This project aims to develop a framework for 3D lidar-based Multiagent Exploration Planning with Dreamer-v3 RL model. The goal is to obtain scalable and robust centralised planner that will generate waypoints for all agents to perform optimal exploration of the 3d environment.
By stating the multiagent exploration in terms of optimization problem where one has to optimize the distance/time required for full exploration of the unknown 3d environment, we can harness the power of reinforcement learning methods in learning the optimal policy. Specifically we use Dreamer-v3 model developed by Google DeepMind to learn optimal waypoint generation using efficient lidar based simulation of our design.
Gif shows how 3 agents learn to efficiently explore 3d environment (although it looks like the environment is a 2d one, in reality the dimension of environment is 64x64x2 voxels. We reduced the z dimmension in order to efficiently iterate framework developement but it's fully adapted to handle varying size 3d environments)
Current version of the framework utilizes Dreamer-v3,[1] (we use PyTorch implementation) as our policy model. We train the model in the customised gym environment that runs the simulation of the multiagent exploration process, where our policy model generates waypoints for each agent as an action. During the rollout of the action all of the agents perform navigation to the generated waypoints using classical algorithms like A*, where exploration of new voxels is being rendered by the bresenhams algorithm creating a lightweight simulation environment.
Our observation space is the 3d voxel space around our agents stacked together as a one 3D tensor of uint8 values. We also observe states of all agents like their current positions. We modified Dreamer-v3 encoder module to handle 3D inputs efficiently by implementing 3D Sparse Convolution[2]. Vector inputs are handled by the mlp encoder. We can also extend the framwork to allow for multimodal exploration using combination of camera and lidar by using camera inputs through the original dreamer's cnn.

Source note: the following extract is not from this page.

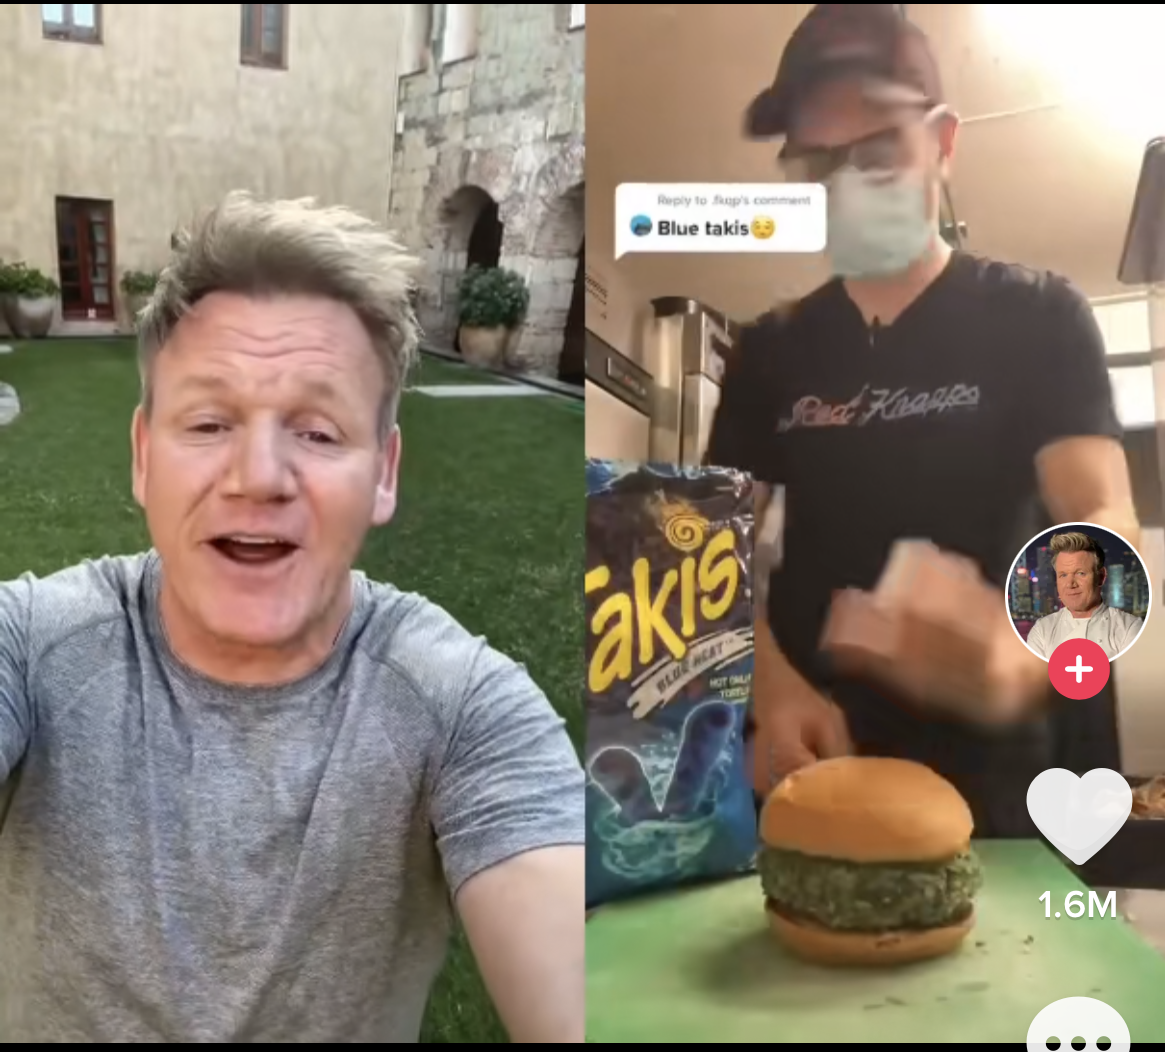 gordon ramsay reacted to a chef putting blue takis on and inside a burger

Install dreamer-v3 dependencies:
pip install -r dreamerv3-torch/requirements.txt
Install remaining dependencies:
pip install -r requirements.txt
- First prepare maps dataset by running:
python generate_training_maps.py
--num_maps 1
--map_size 64
--map_scale 1
--output_dir maps
- To start training run:
source train.sh path_to_your_logdir
You can resume training by adding resume flag:
source train.sh logdir_path --resume
- Monitor results:
tensorboard --logdir ./logdir
Example evaluation return from tensorboard:
- To evaluate the model you can run:
python benchmark.py
--model_path path_to_your_model
--exploration_percentage 0.95
This script will evaluate model and compare performance with classical benchmark
- exploration_percentage: when to finish exploration
- To perform qualitative evaluation you can run:
python demonstration.py
--model_path path_to_your_model
This script will prepare visualisation of the exploration in the form of a gif (like on Figure 1)